Le point commun de tous ces gens c’est qu’ils sont paumés et qu’ils réagissent à une violence qui vient de l’extérieur ?
En effet. Je ne connais personne d’heureux qui se radicalise. Se radicaliser est le résultat d’une frustration ou d’une violence qu’on a reçu. C’est ce que je voulais raconter. Pour autant, il ne s’agit pas d’excuser quoi que ce soit. Il ne s’agit pas de juger non plus. Mais le but, c’est d’essayer de comprendre.
Le monde envoie une telle violence à cette génération que certains d’entre eux, dont beaucoup sont probablement très déséquilibrés, voire un peu sociopathes, reçoivent cette violence et la traduisent en se radicalisant. Comment peut on en arriver là ? Ils ne sont pas nés terroristes. Ce ne sont pas des bébés qui sont nés armés jusqu’aux dents. Il s’est bien passé quelque chose dans notre société pour que ce genre de monstre apparaisse.

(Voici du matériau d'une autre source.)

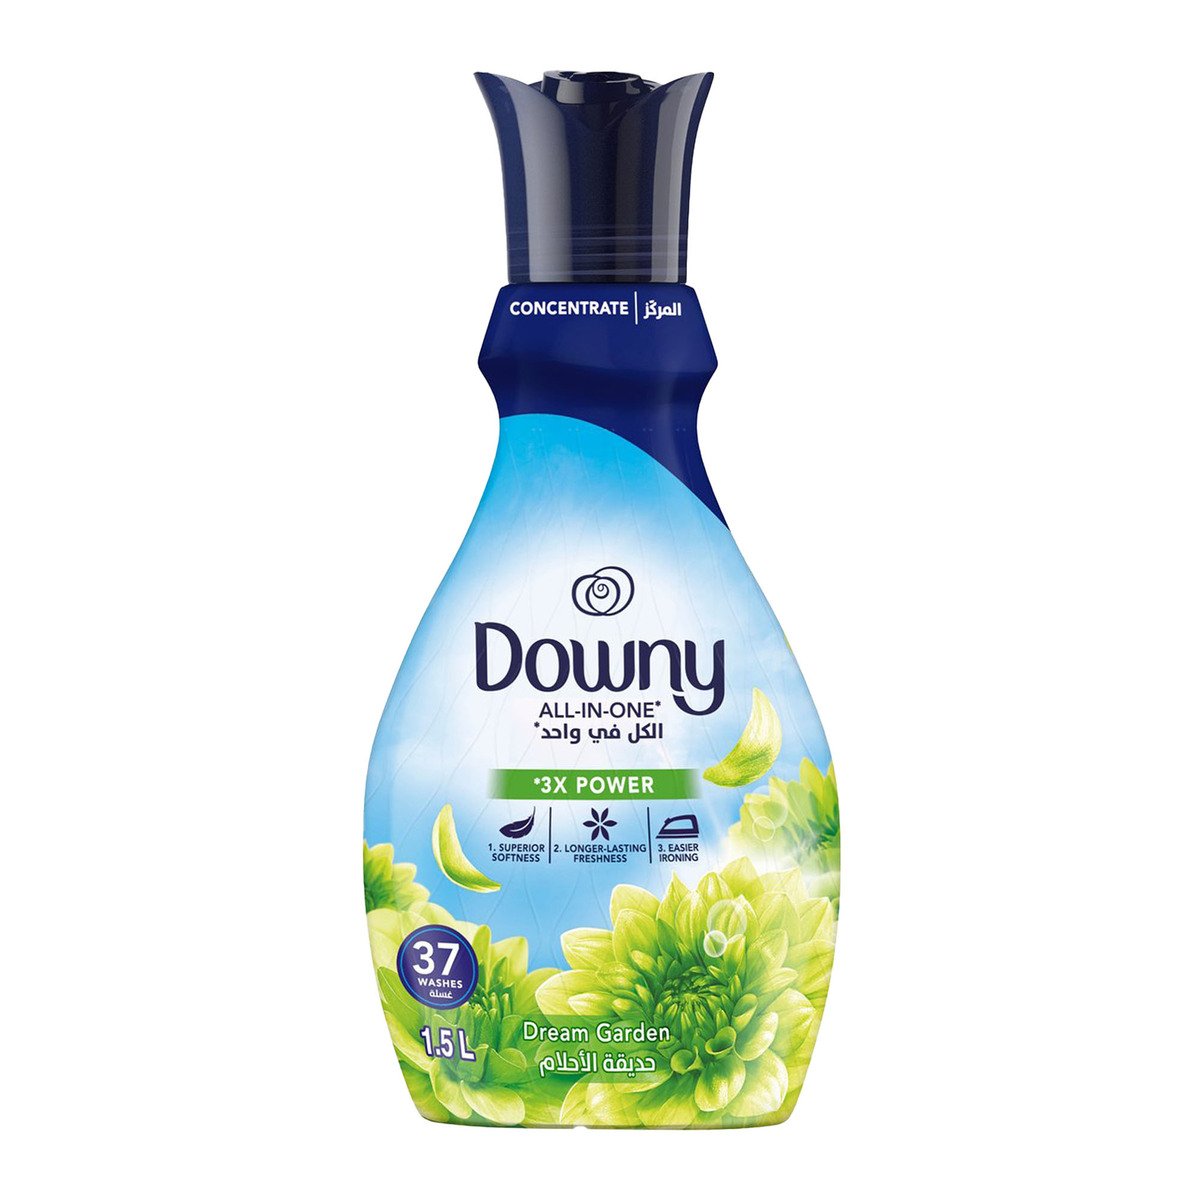 Downy Dream Garden Concentrate Fabric Softener Value Pack 1.5Litre

Dans le film, vous ne parlez pas de ce qui mène ces jeunes à devenir des terroristes…
En effet, mais je ne pouvais pas faire un film de quatre heures ! Je suis parti de l’idée que si le film commençait quand ils sont déjà radicalisés, cela me permettait de montrer ce no man’s land idéologique dans lequel ils évoluent et qui leur fait faire n’importe quoi. Sans bien connaître le Coran d’ailleurs. Il y a vingt ans, ces jeunes terroristes se seraient pris pour Tony Montana. Il y a trente ans pour les Brigades rouges. C’est une question d’époque.
“Mon film était considéré comme stigmatisant, anecdotique ou anxiogène”

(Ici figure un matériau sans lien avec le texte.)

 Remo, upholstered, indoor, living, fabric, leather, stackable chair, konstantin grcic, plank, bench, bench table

Vous avez eu beaucoup de difficultés à faire ce film ?
Les financements n’ont pas été simples à trouver. En France, il y a des capitaux publics et des capitaux privés. J’ai compris assez vite que mon film n’intéresserait pas les investisseurs privés. Mais me faire bouler dès le début par les investisseurs publics sur ce sujet là, qui était urgent, j’ai trouvé ça inquiétant. Mon film était considéré comme stigmatisant, anecdotique ou anxiogène.
D’autres disaient au contraire que ça rendrait les terroristes sympathiques. Heureusement, Canal+ nous a soutenus à fond, sinon le film n’existerait pas. Ainsi que le producteur Clément Miserez, de Radar Films. Ils ont rogné sur leurs salaires, moi aussi, et on a finalement obtenu un petit budget, mais qui était suffisant.
Quelle a été votre réaction le soir du 13 novembre ?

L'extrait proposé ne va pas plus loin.